The Association for Computing Machinery (ACM) announced this week that MIT CSAIL PhD student ‘19 Jiajun Wu was selected for an honorable mention for his dissertation “Learning to See the Physical World.”
His work has advanced AI for perceiving the physical world by integrating bottom-up recognition in neural networks with top-down simulation engines, graphical models, and probabilistic programs. Despite phenomenal progress in the past decade, current AI methods tackle only specific problems, require large amounts of training data, and easily break when generalizing to new tasks or environments.

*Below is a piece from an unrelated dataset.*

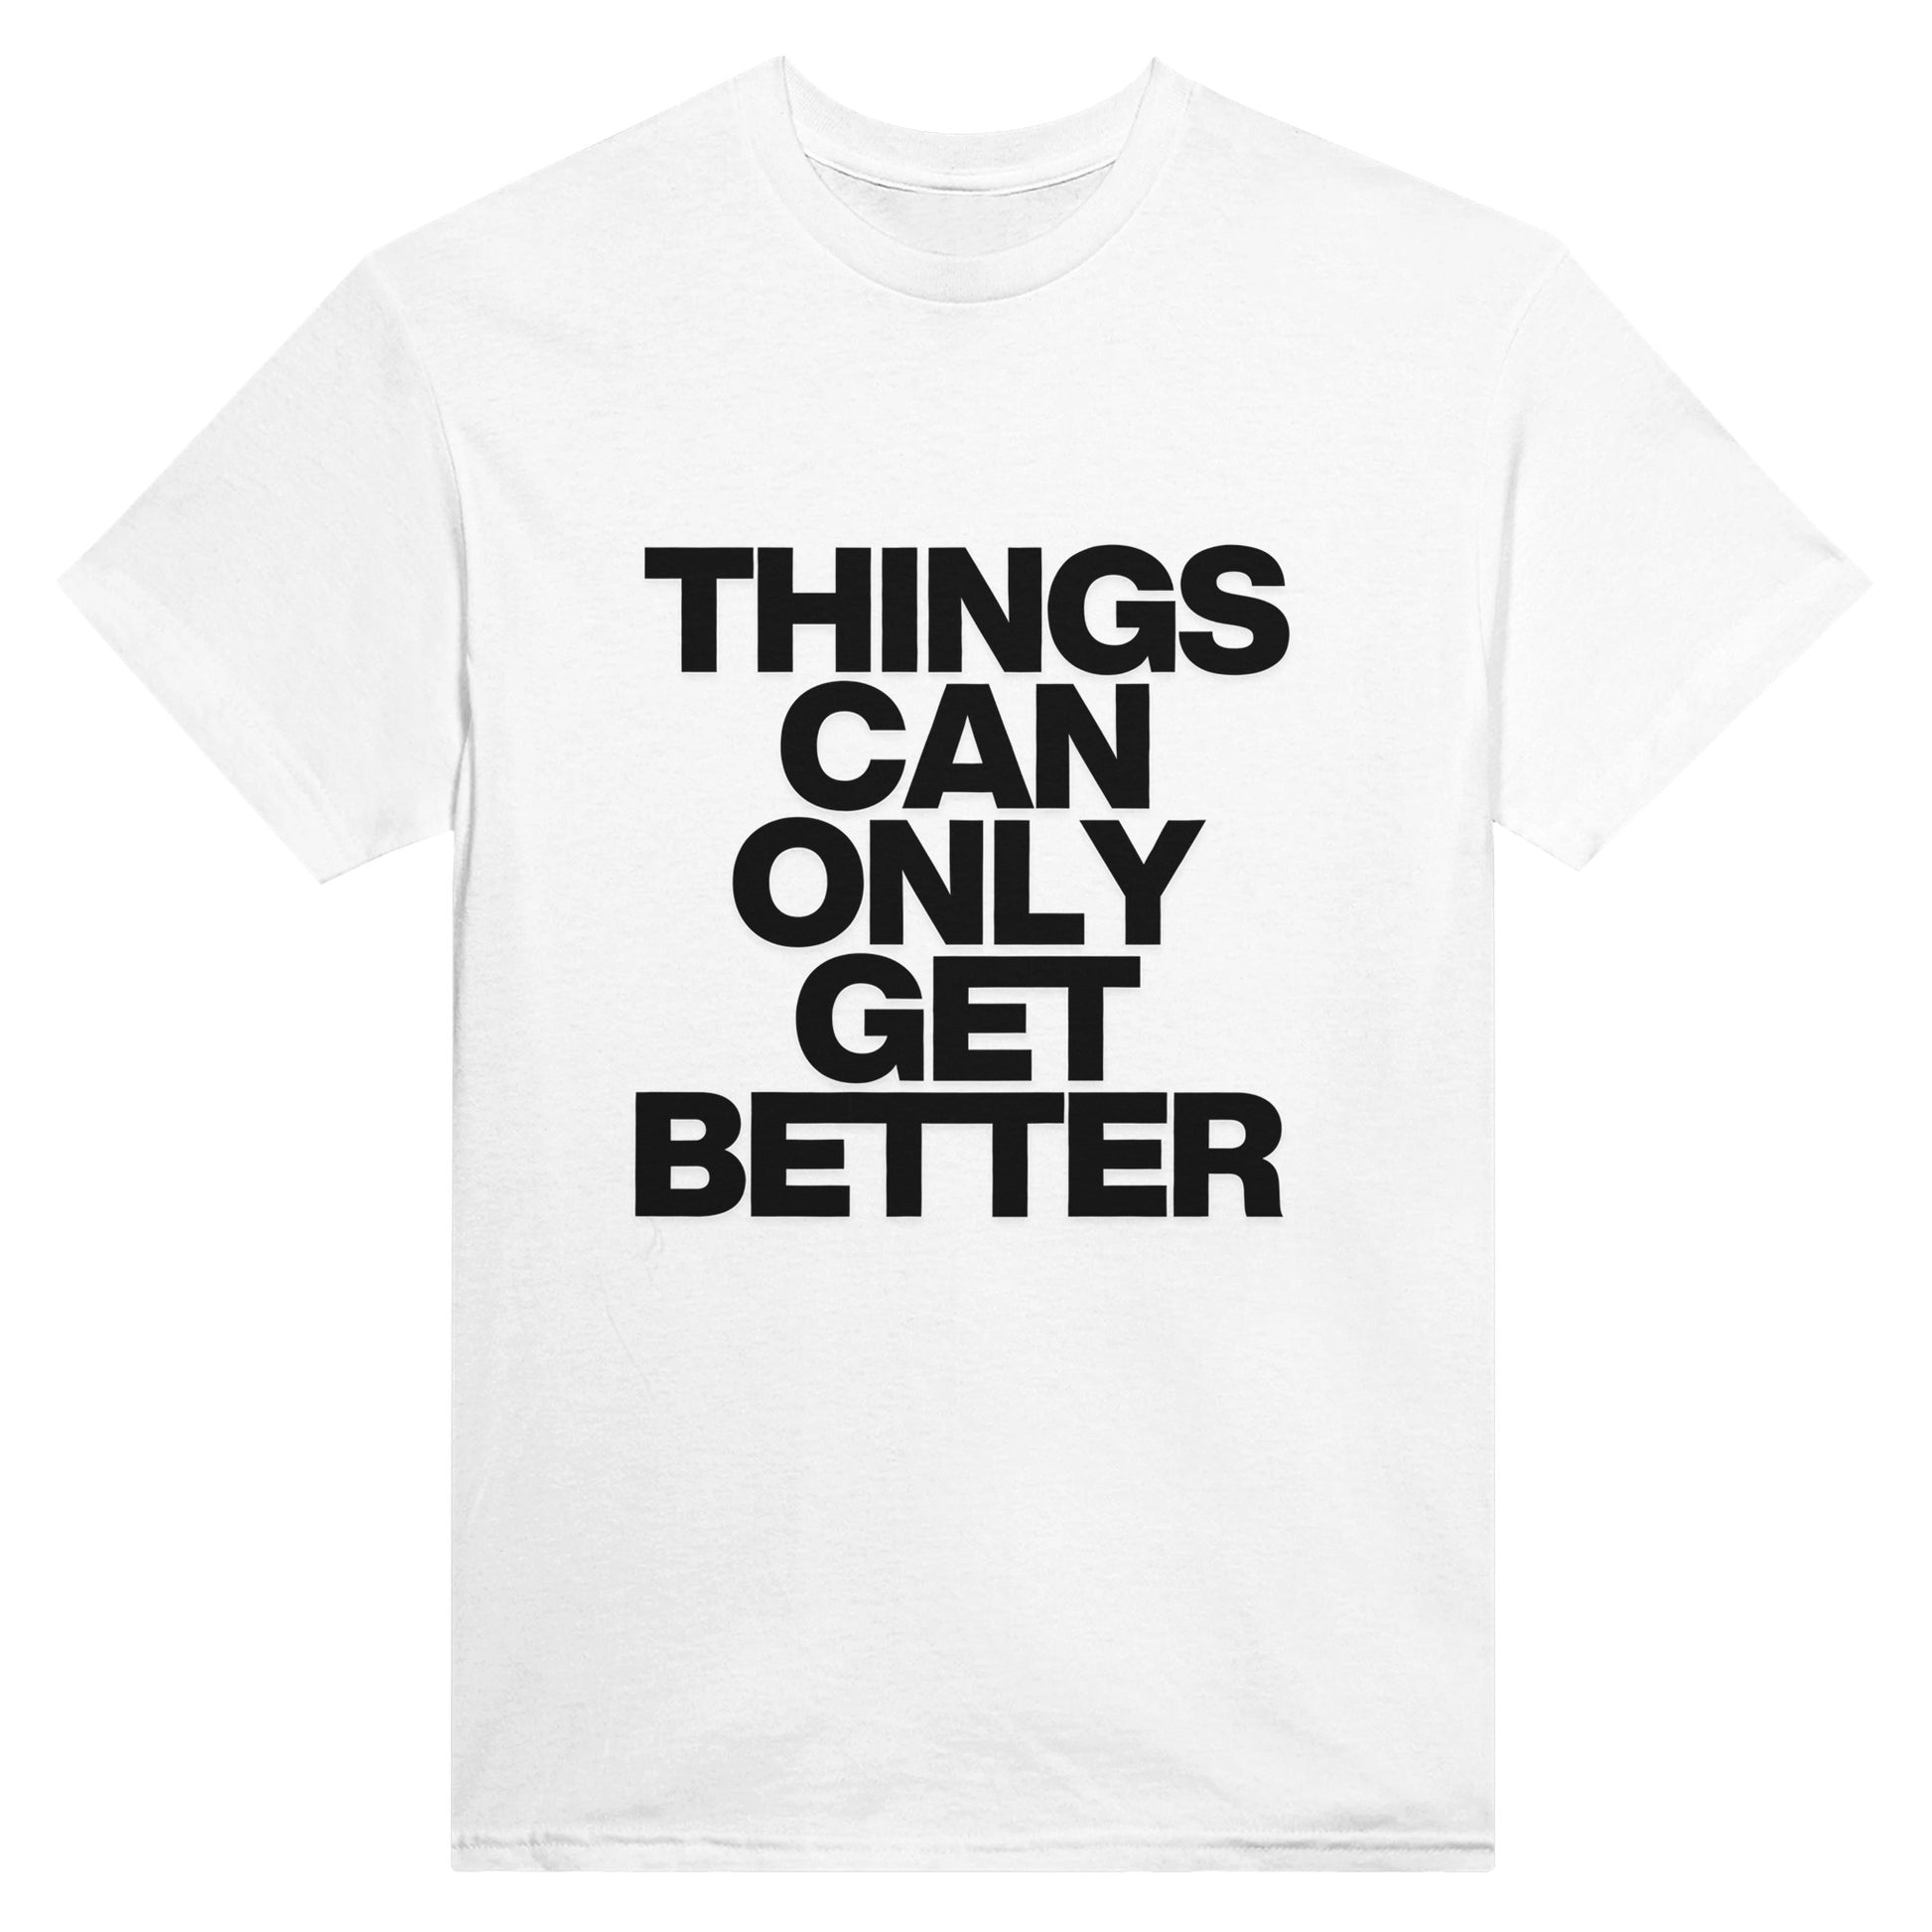 Things Can Only Get Better T-shirt in white - anti-tory election wear
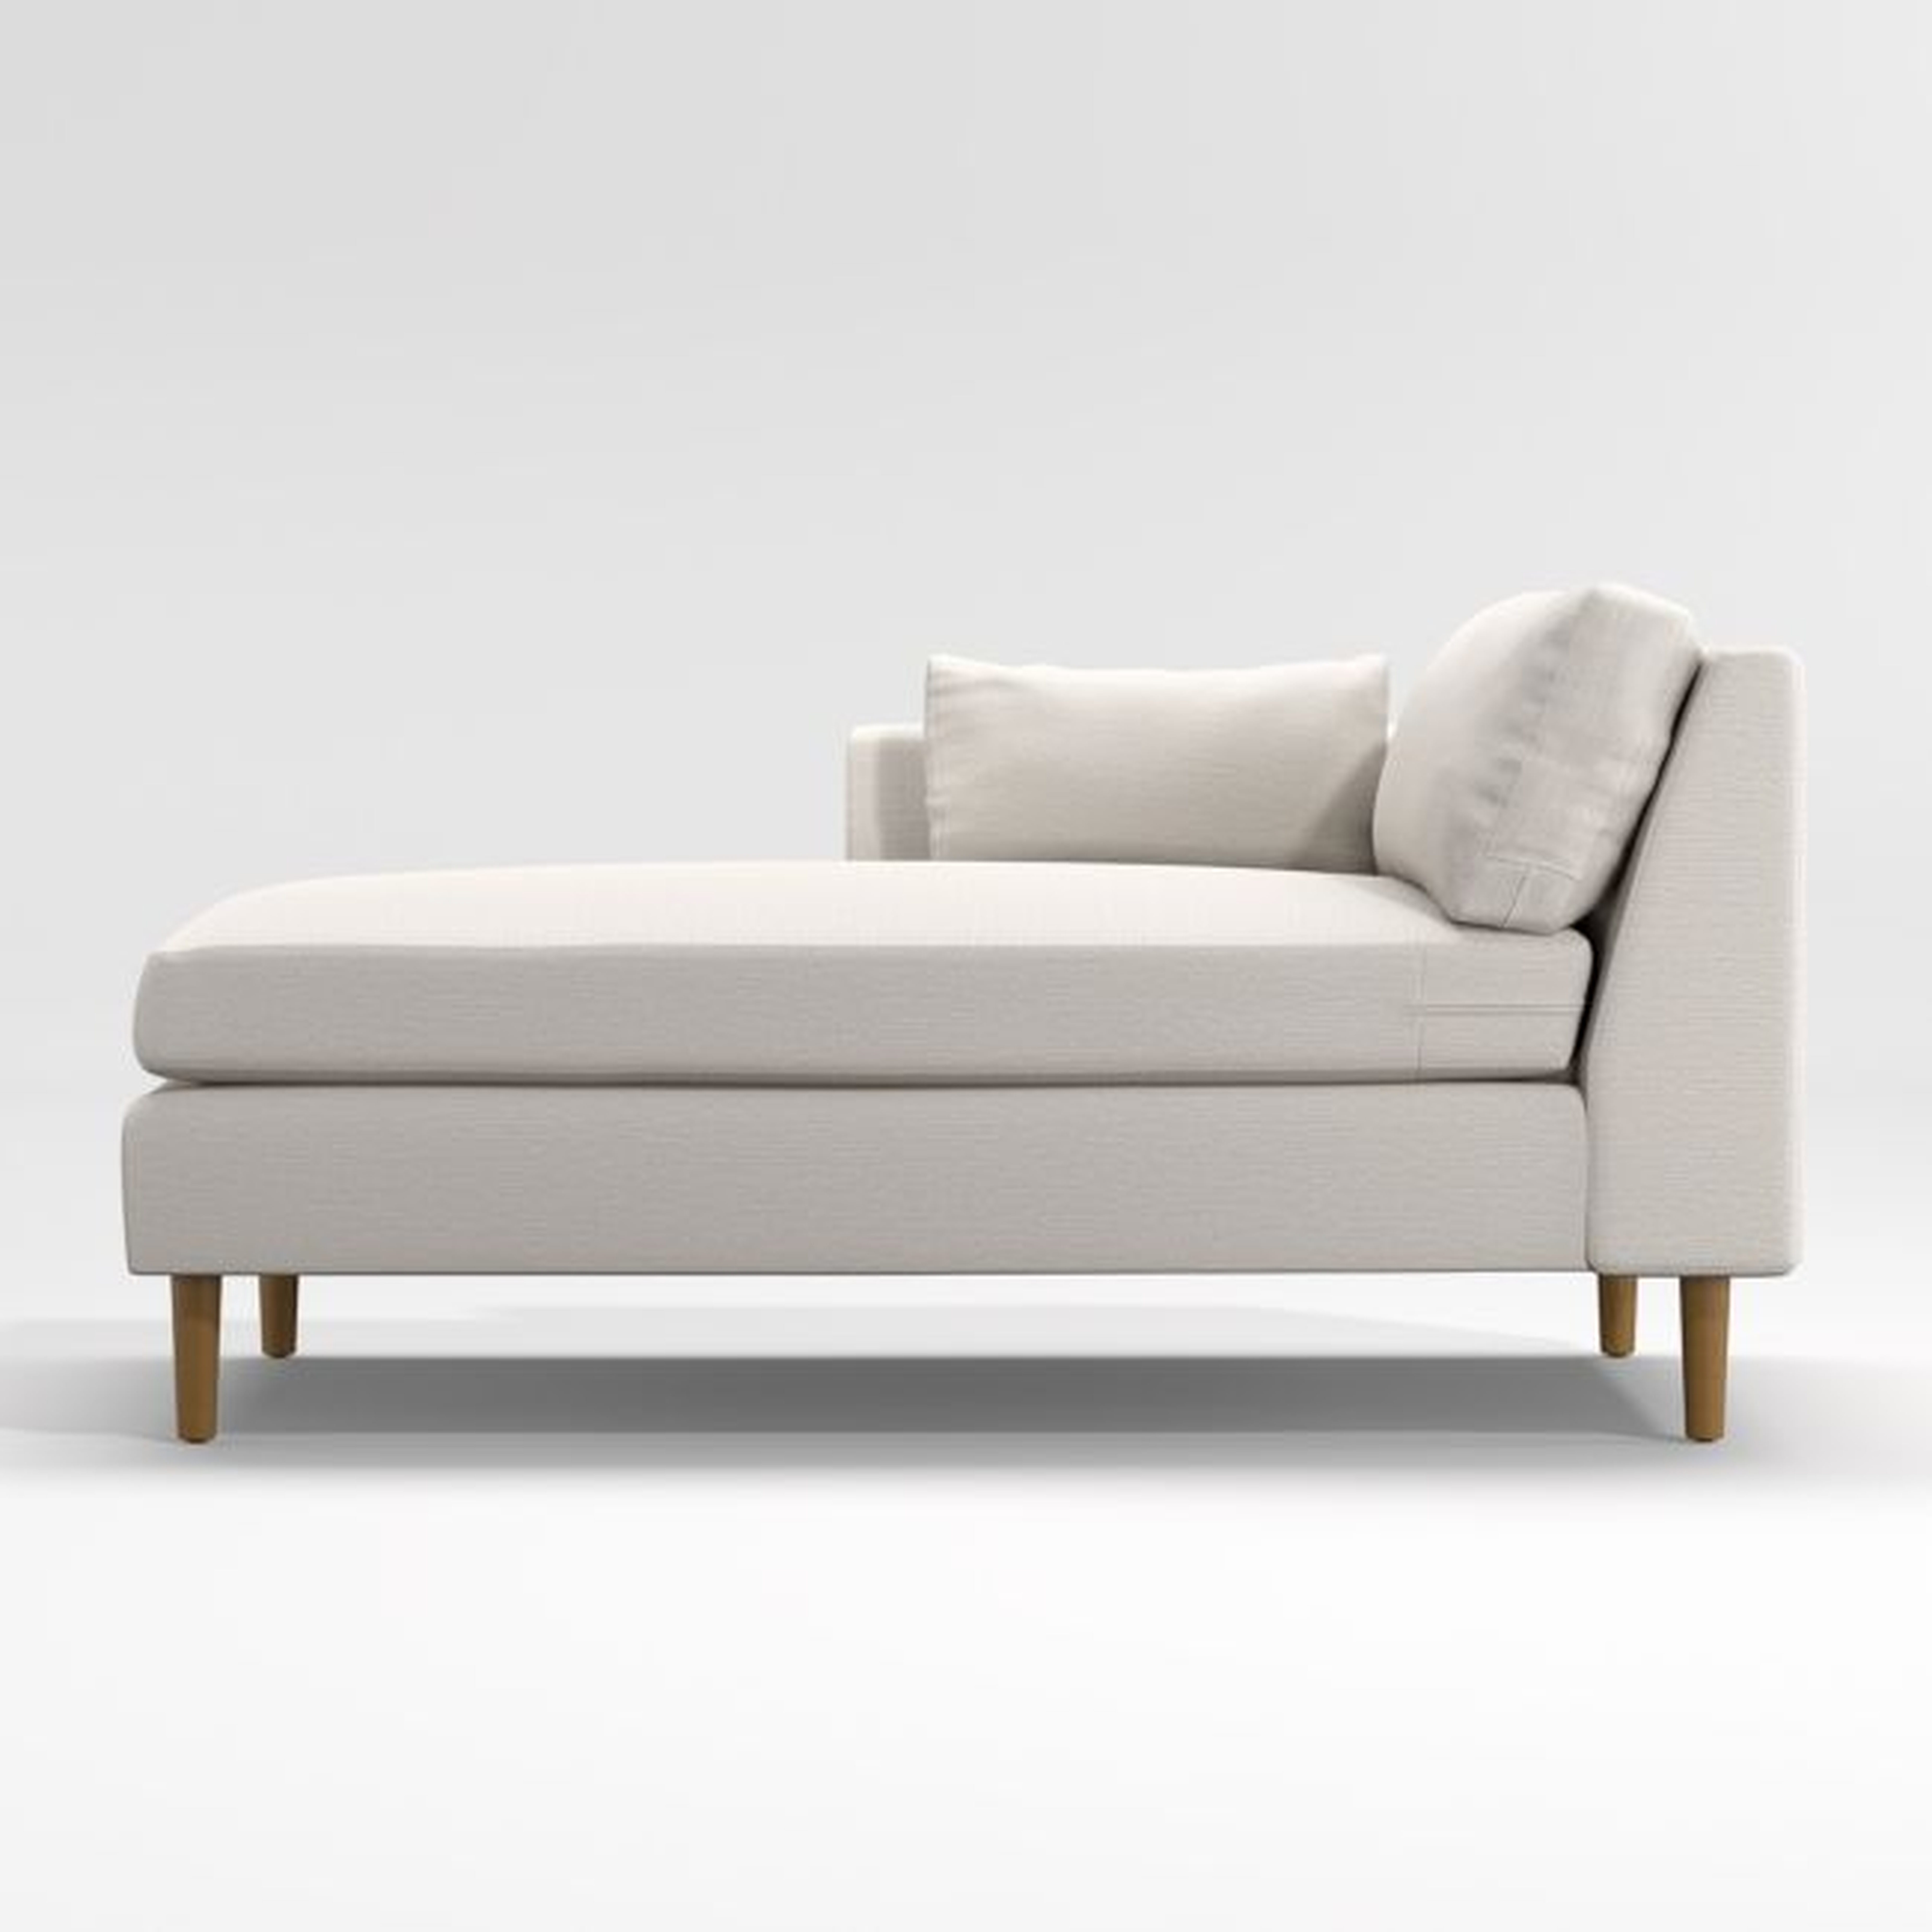 Avondale Wood Leg Left-Arm Chaise - Crate and Barrel

Wu addresses the problem of physical scene understanding—how to build efficient and versatile machines that learn to see, reason about, and interact with the physical world. The key insight is to exploit the causal structure of the world, using simulation engines for computer graphics, physics, and language, and to integrate them with deep learning. His dissertation spans perception, physics and reasoning, with the goal of seeing and reasoning about the physical world as humans do. The work bridges the various disciplines of artificial intelligence, addressing key problems in perception, dynamics modeling, and cognitive reasoning.
Wu was advised by MIT professors and CSAIL principal investigators Bill Freeman, Joshua Tenenbaum, and Armando Solar-Lezama.
Wu is an Assistant Professor of Computer Science at Stanford University. His research interests include physical scene understanding, dynamics models, and multi-modal perception. He received his PhD and SM degree in Electrical Engineering and Computer Science from MIT, and Bachelor’s degrees in Computer Science and Economics from Tsinghua University in Beijing, China.
The 2019 Doctoral Dissertation Award recipients will be formally recognized at the annual ACM Awards Banquet on October 3 in San Francisco.